As a man to lead the academy of sciences, Huygens was almost the ideal candidate
What they still lacked, however, was a developed social network in which they could pursue this work. Like Dee and della Porta, astronomers such as Johannes Kepler and Tycho Brahe had been dependent on court patronage, and worked in varying degrees of isolation. The kings and emperors who employed them privileged astronomy over other sciences for the historical reason that astronomy was an essential support to the important predictive business of astrology. Other disciplines of physics that we’d recognise today, such as mechanics, hydraulics and ballistics, were supported as applied sciences, and were the province of the engineers of fortifications, drainage schemes and weaponry. Mathematics, too, was regarded as a lowly technical discipline, merely the handmaiden of these more useful arts.
This was all to change in the space of a few years around 1660. On his first visit to Paris, already famous for his work on Saturn, Christiaan Huygens had found himself fêted in the intellectual salons for which the city was famous. Even when he returned to The Hague, his French friends continued to spread news of his scientific breakthroughs at these meetings, and when he reappeared in the city, briefly in 1660, and then to settle there in 1663, Christiaan immersed himself in these circles. But although the salon that he principally attended had resolved to steer its discussions towards things that could be established as fact and of practical benefit, he still found himself obliged ‘to listen to the prattle of pedants for hours on end on subjects of nullity’.

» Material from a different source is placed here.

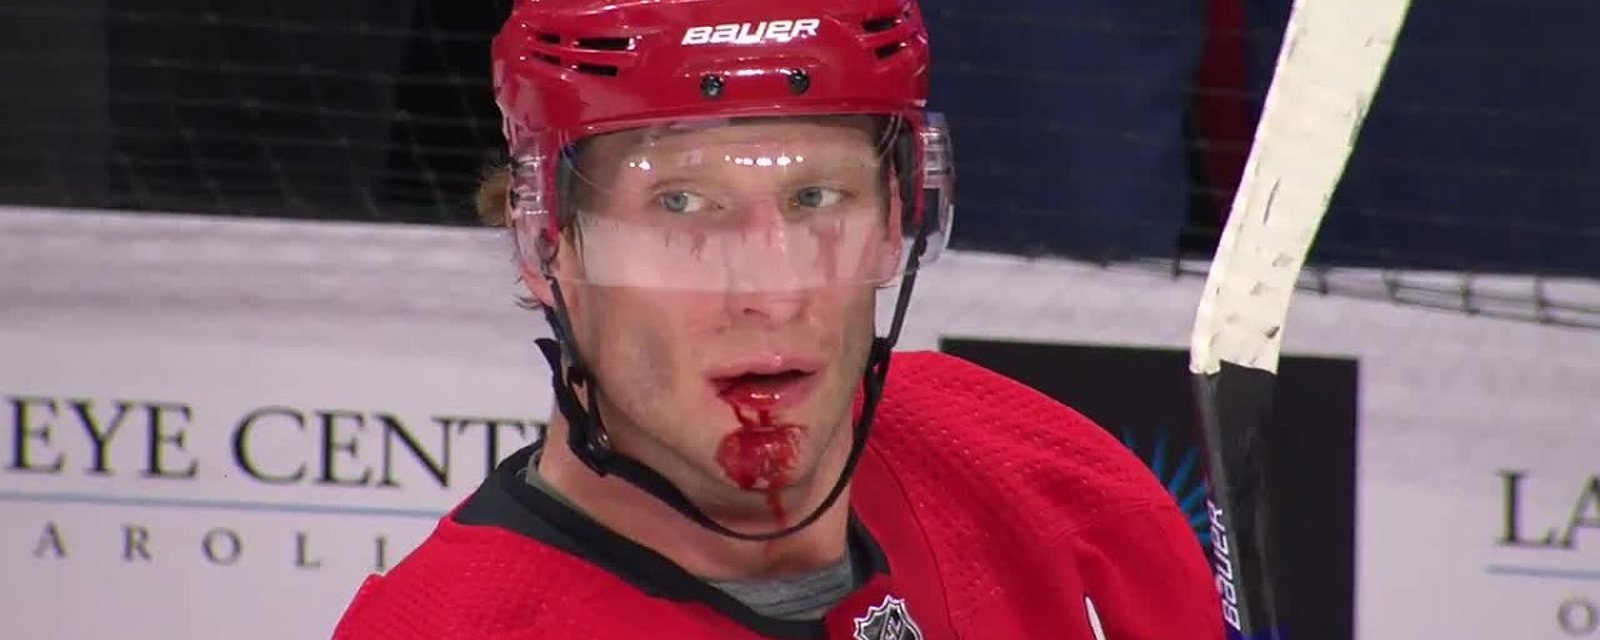 Jordan Staal busted open but goes unnoticed by NHL officials.

Fortunately, the influential contacts Huygens made in these intellectual circles brought him to the attention of Jean-Baptiste Colbert, the all-powerful minister of Louis XIV, who was setting up new royal academies as a means of bringing greater glory to the French state. An academy of dance was founded in 1661, followed by others in architecture, painting and sculpture, and music. He wished also to see an academy of sciences that would support his larger project of building a state whose policies would be informed by hard data. As a man to lead the academy of sciences, Huygens was almost the ideal candidate. Colbert required a versatile and diligent experimenter who could set out a programme of research across all the sciences, and who would not be averse to directing that research towards the service of his state-building project. Colbert saw Dutch nationality as no obstacle, and he might even have reckoned it an advantage, as Huygens, unlike some of the airier Parisian salonistes, would be unlikely to object to projects of a practical nature, being familiar from his homeland with the role of science in managing the relation between land and water (even though these talents would be largely diverted into fripperies such as the creation of fountains on the royal estates).
Huygens’s central role in the formation of such an institution (the Royal Society of London was founded around the same time, and Huygens became its first foreign fellow) is the final achievement of his career that shows how far science had developed since his father’s day. With the supporting network of fellow academicians, it was now possible to practise science with single-minded devotion. For all his own powerful court connections, Constantijn could never have found himself in the same position. It required the nexus of a large city as well as the patronage of a powerful king to make it work – things that the provincial Netherlands could never offer. Christiaan Huygens prospered scientifically in Paris in a way that wouldn’t have been conceivable in The Hague, and French science gained greatly from his early leadership role in the Academy of Sciences.
Perhaps the study of the mathematics of probability that he’d undertaken from his earliest days in Paris also coloured his conception of what all of science should be. The sense of science as certain knowledge, rooted in old ideas of scholastic theology, had been overtaken by a new meaning as natural philosophers concerned themselves no longer with scientism but learned to settle for the most likely interpretation of the evidence before them. This humble realisation, as much as any cascade of sudden revelations striking men of genius, provided the kick for the ‘scientific revolution’. For Huygens, even physical principles might never be established with absolute certainty. In his last treatise, a speculation on life on other planets, published only after his death, he wrote: ‘It is a glory to arrive at probability … But there are many degrees of probable, some nearer truth than others, in the determining of which lies the chief exercise of our judgment.’ Christiaan Huygens had defined the task of the modern scientist.